» REQUIRED WORK: Transcribe only the stretch of lines that opens with the line containing "The Odyssey Wedding, Tinley" and closes with the last line of the listing, skipping pictures.

» DATA:
· · · · · · ·
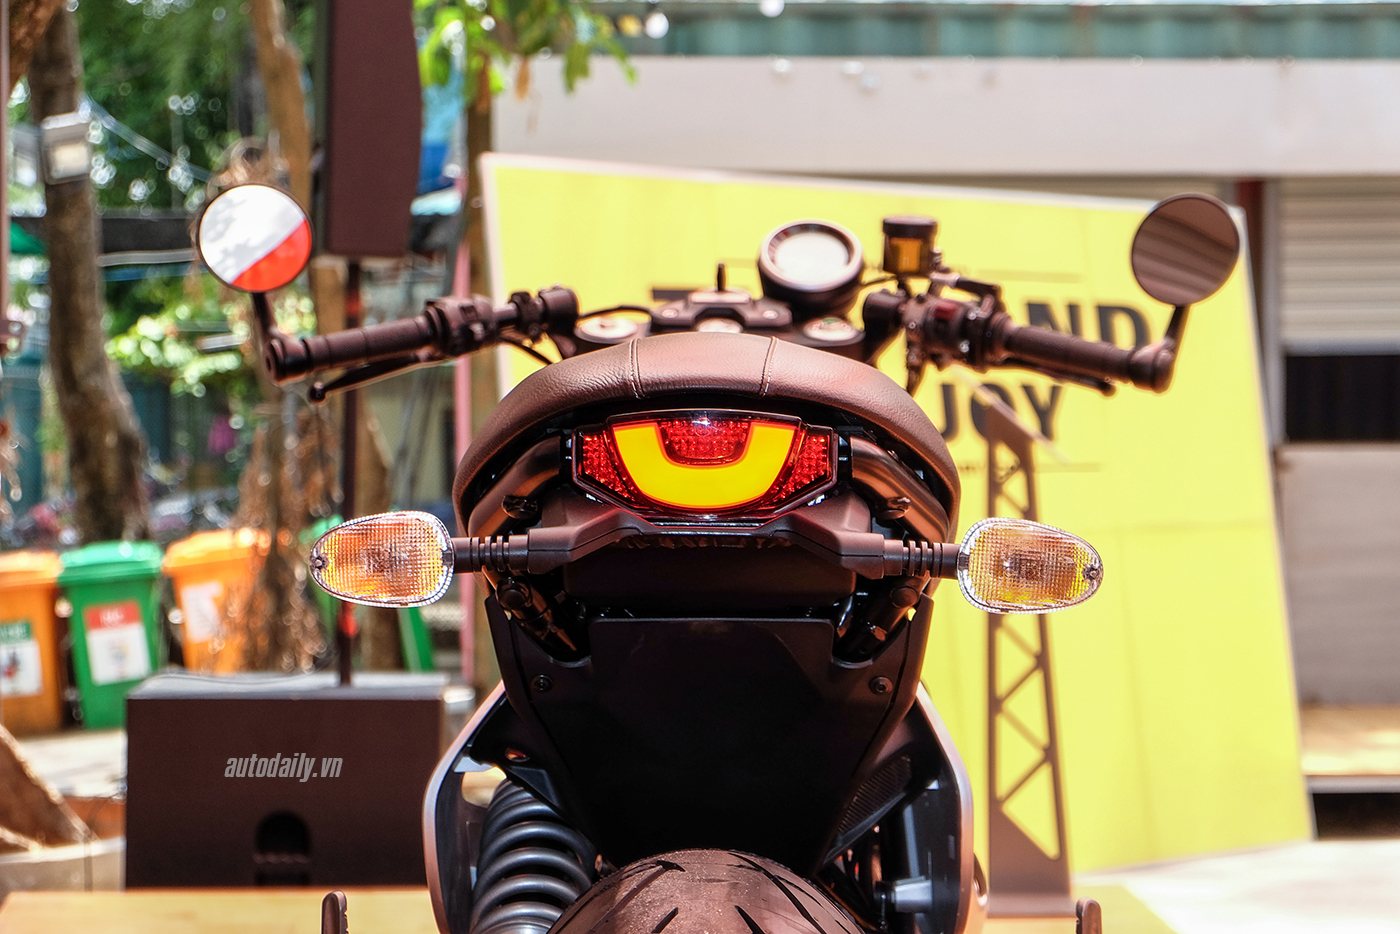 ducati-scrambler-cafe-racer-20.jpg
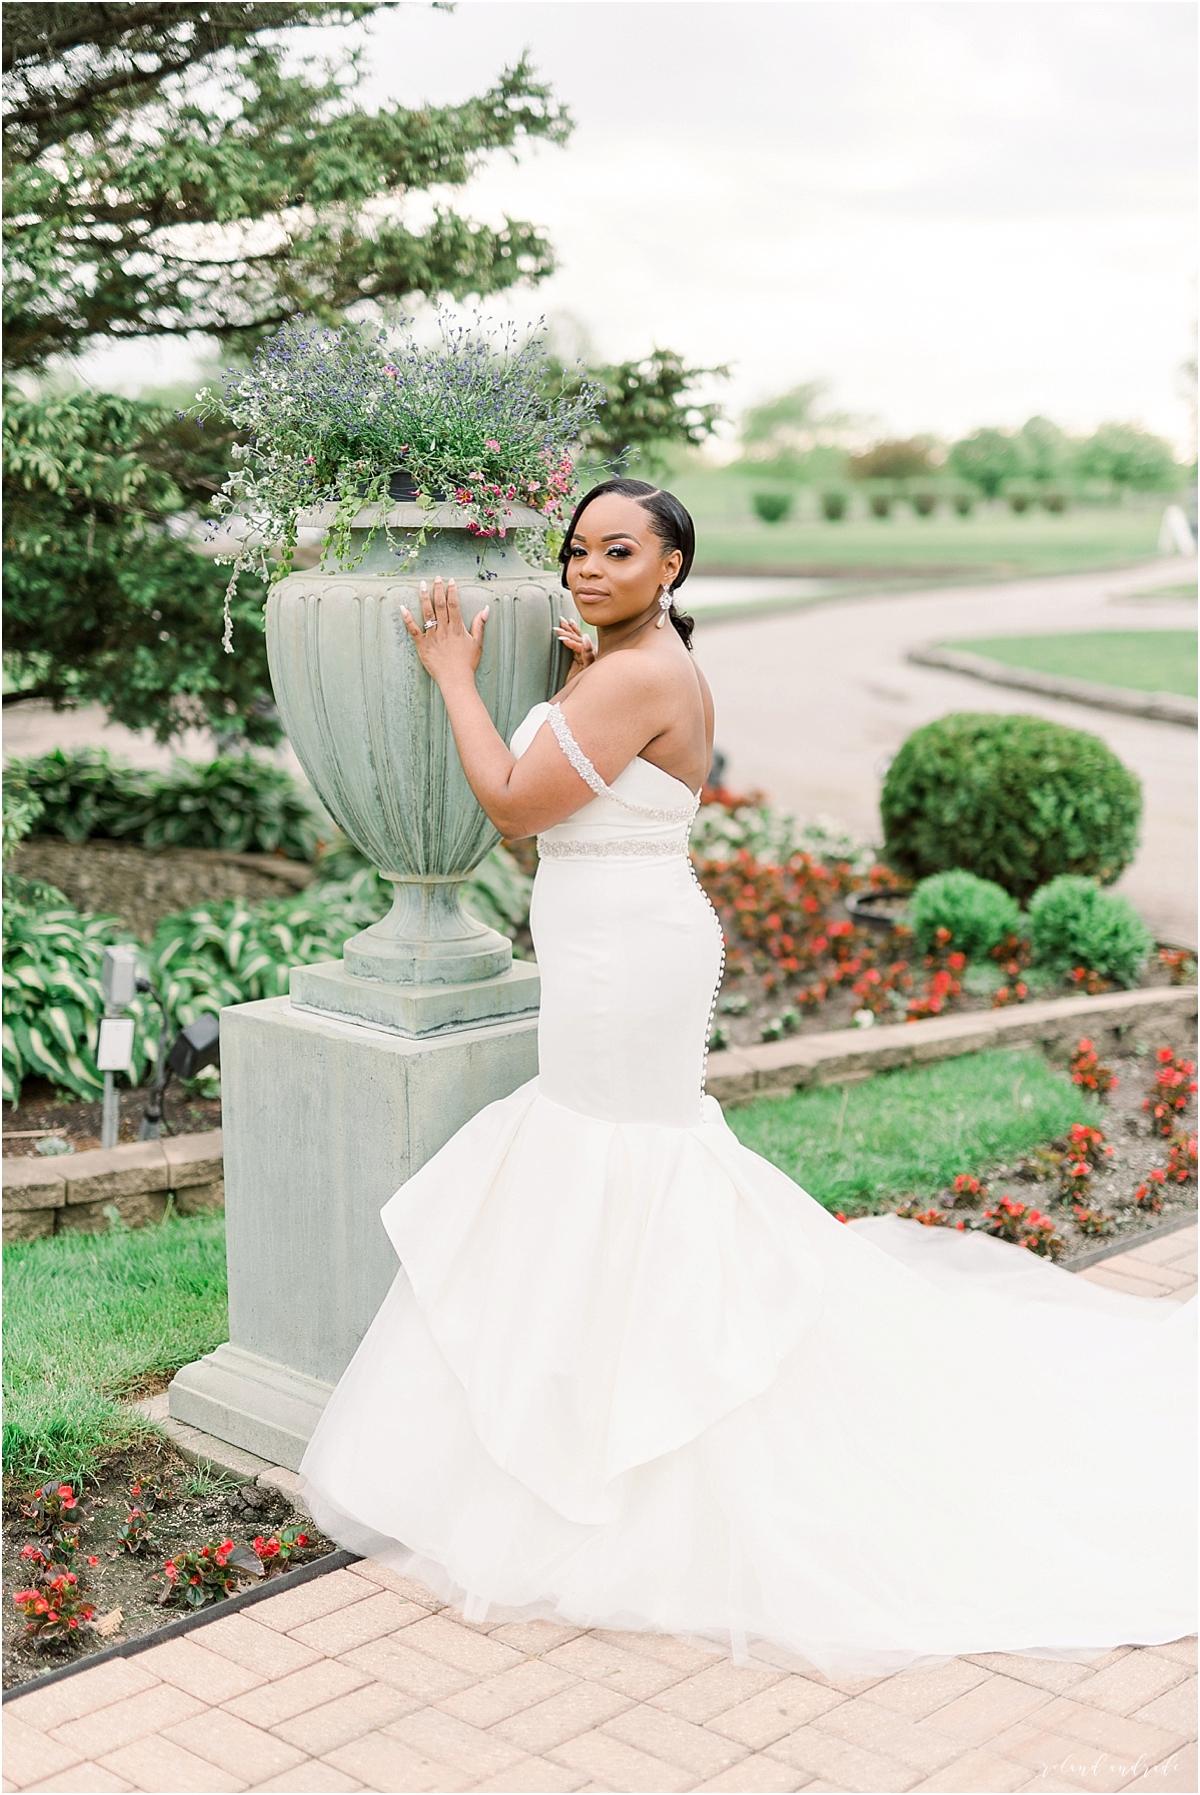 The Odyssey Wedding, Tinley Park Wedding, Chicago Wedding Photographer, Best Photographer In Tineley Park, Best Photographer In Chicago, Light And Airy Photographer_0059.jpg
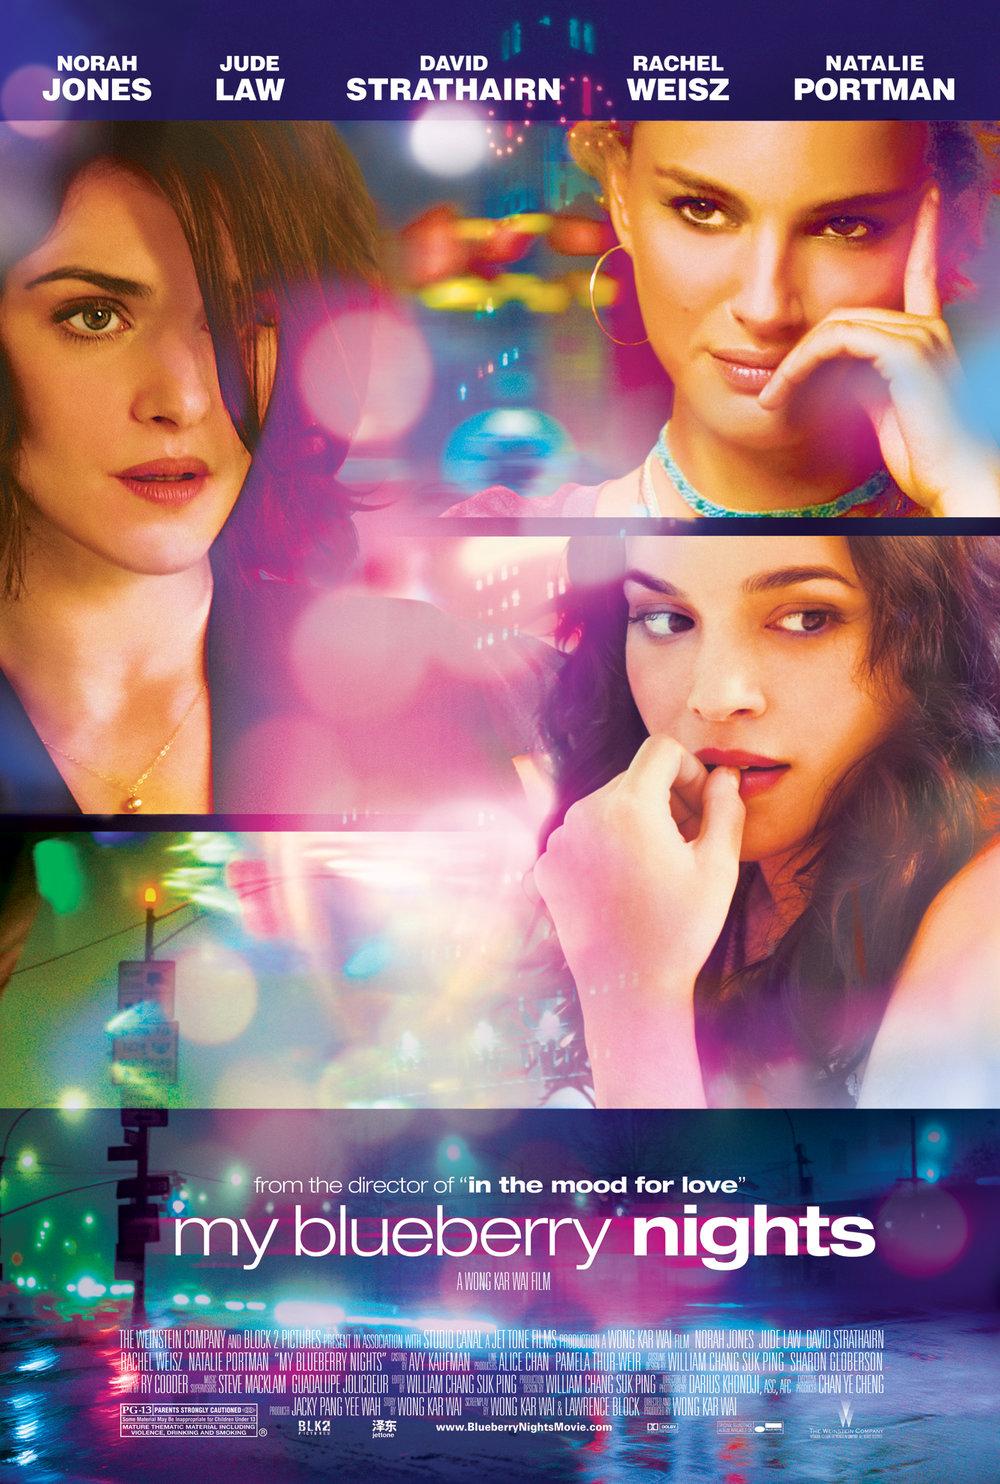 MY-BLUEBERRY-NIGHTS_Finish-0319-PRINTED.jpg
· · · · · · ·
» RESULT:
 The Odyssey Wedding, Tinley Park Wedding, Chicago Wedding Photographer, Best Photographer In Tineley Park, Best Photographer In Chicago, Light And Airy Photographer_0059.jpg
 MY-BLUEBERRY-NIGHTS_Finish-0319-PRINTED.jpg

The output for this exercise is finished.